Task directions: Reproduce the listing word for word. Skip any image.

Information provided:
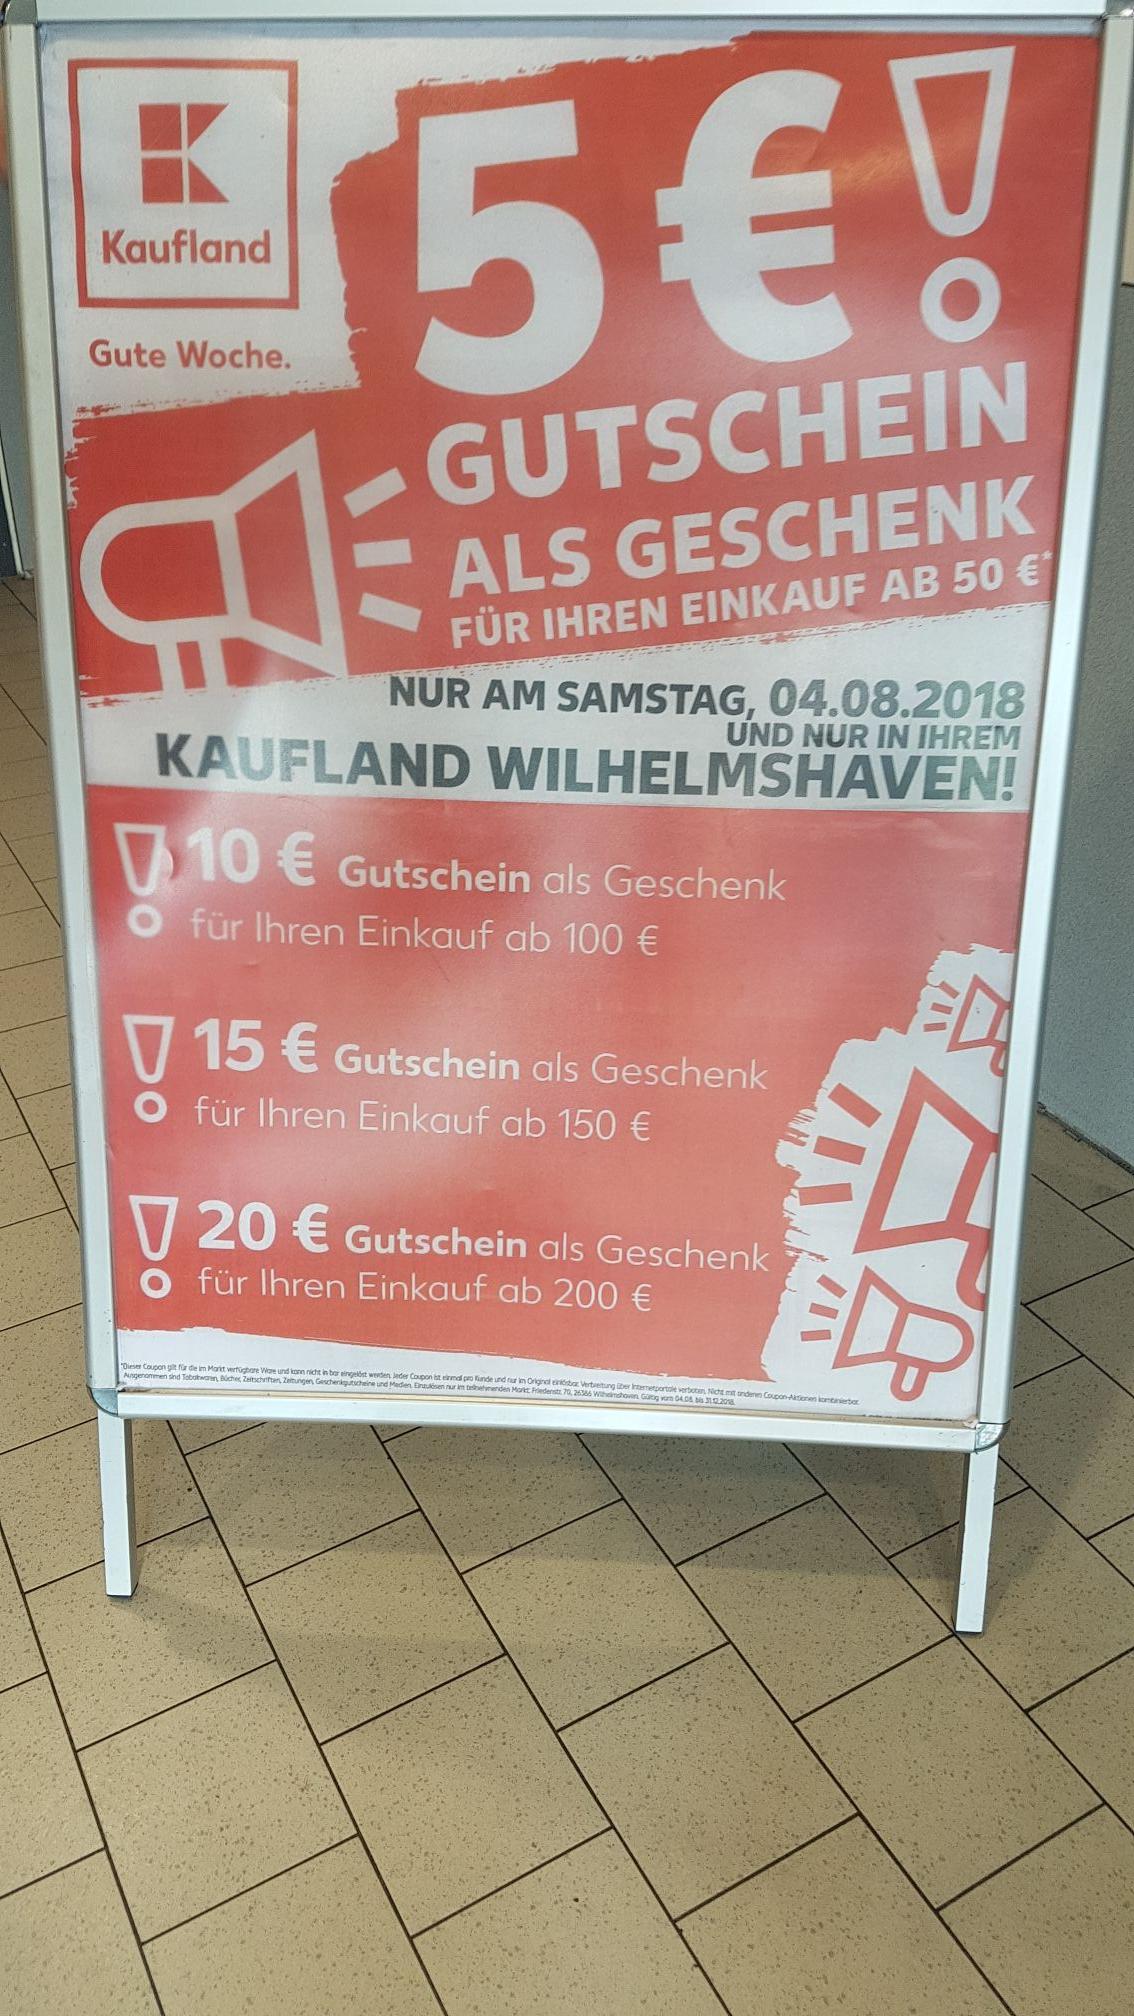 Lokal Kaufland Wilhelmshaven Gutscheinaktion nur am 4.8.2018
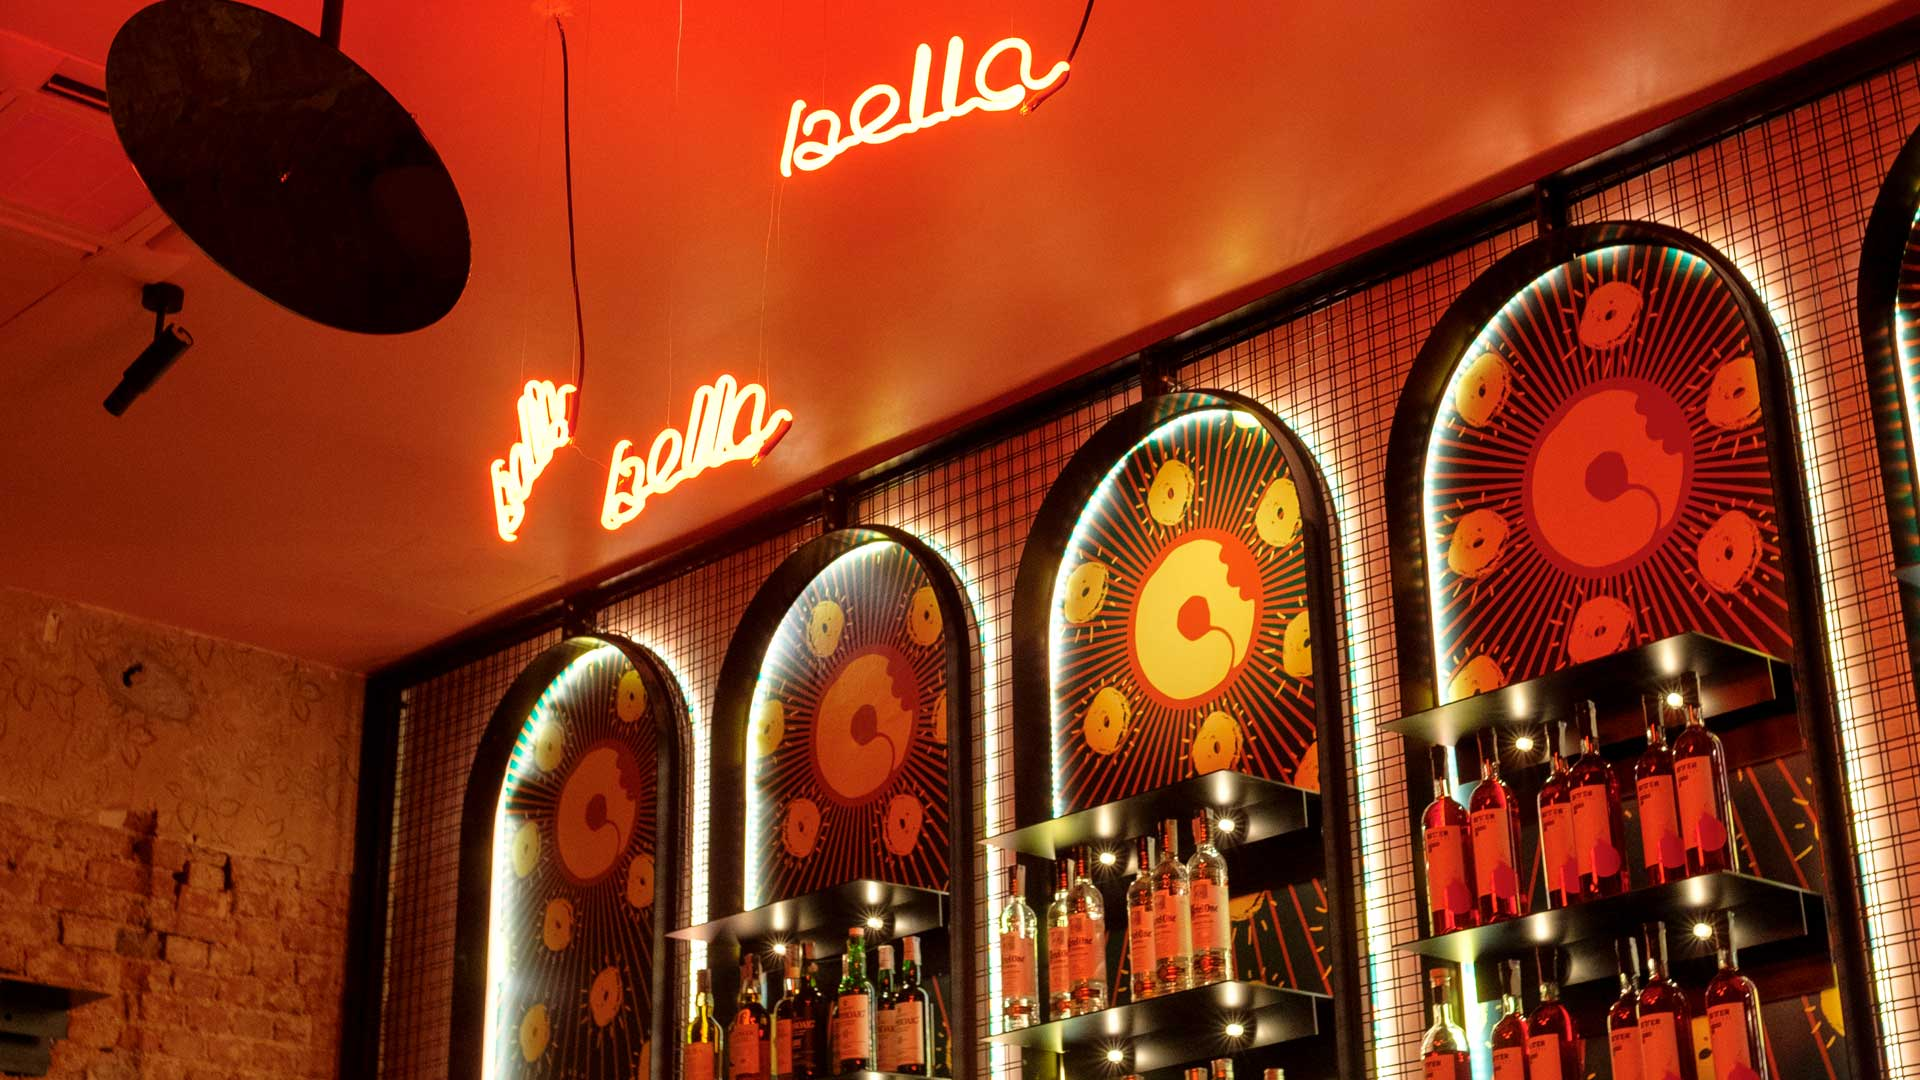 Bella-Milano-Bistrot-nuova-apertura-2021-Coqtail-Milano
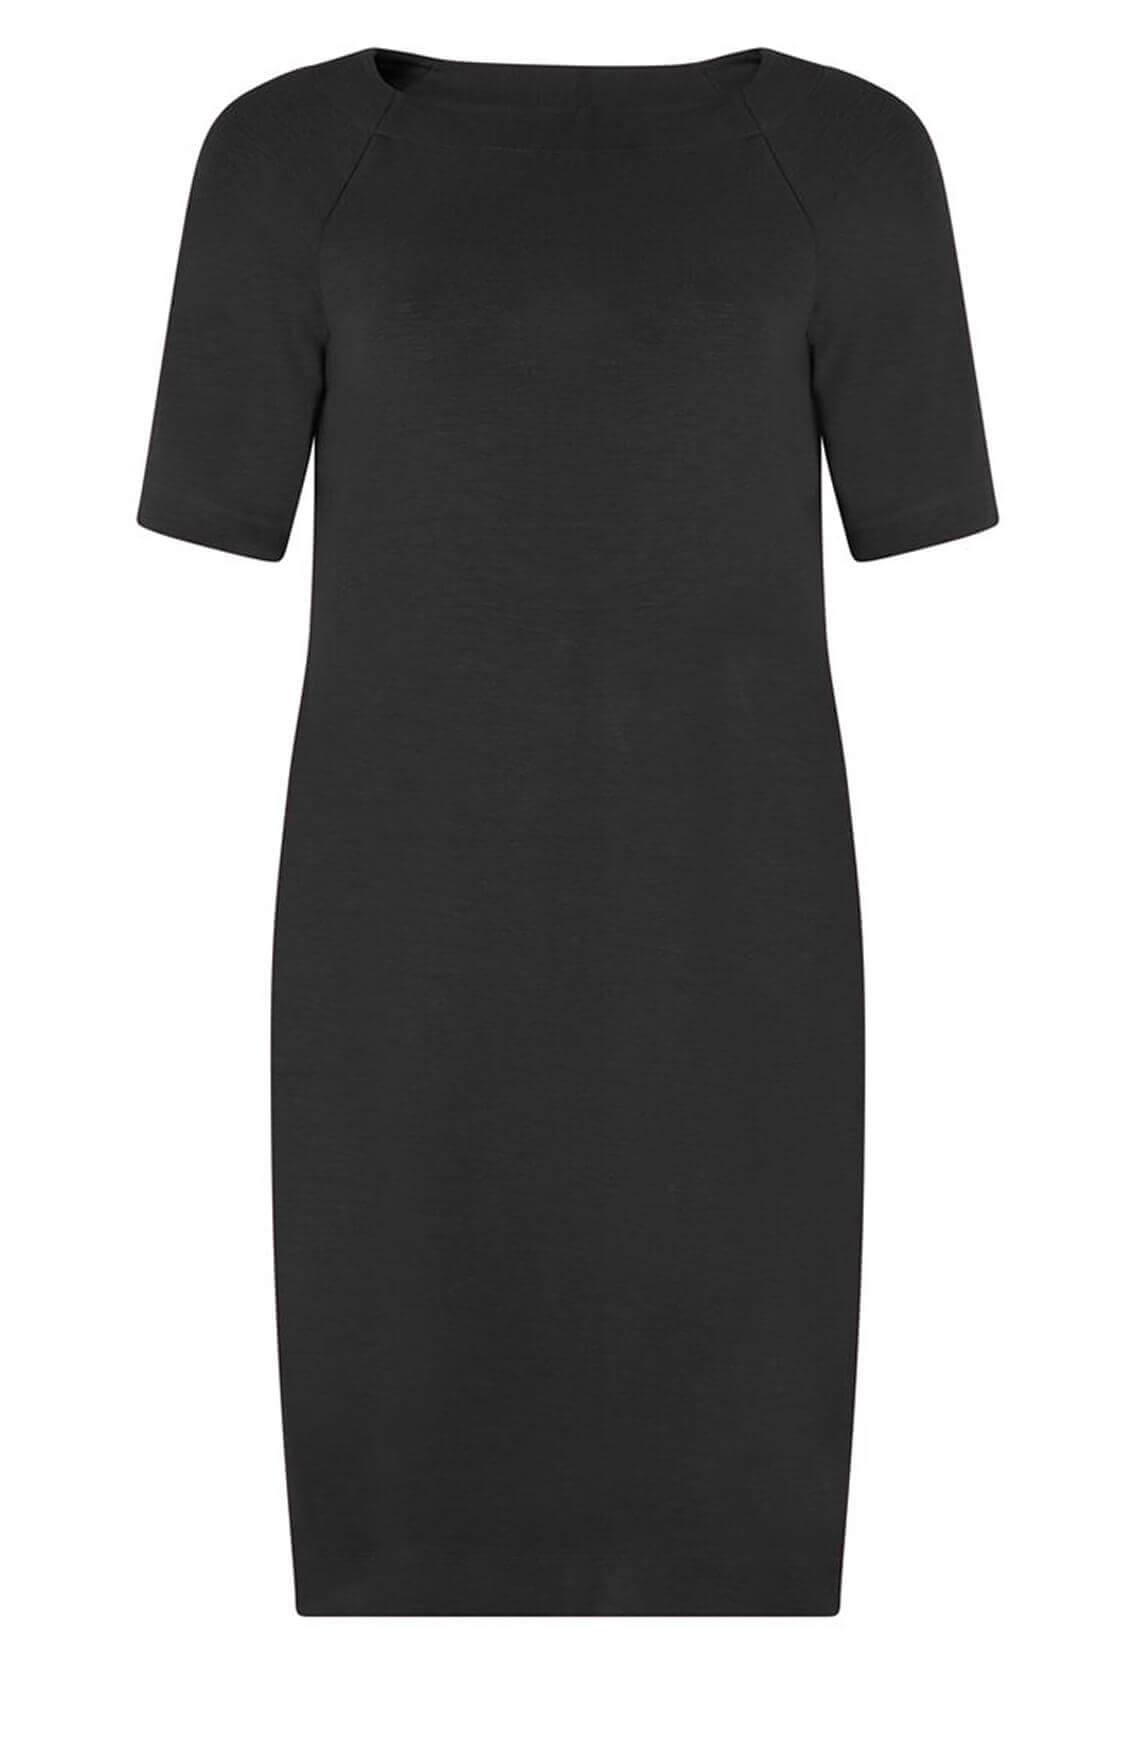 Kyra & Ko Dames Berry jurk Zwart

Output for this exercise:
 Lokal Kaufland Wilhelmshaven Gutscheinaktion nur am 4.8.2018
 Bella-Milano-Bistrot-nuova-apertura-2021-Coqtail-Milano
 Kyra & Ko Dames Berry jurk Zwart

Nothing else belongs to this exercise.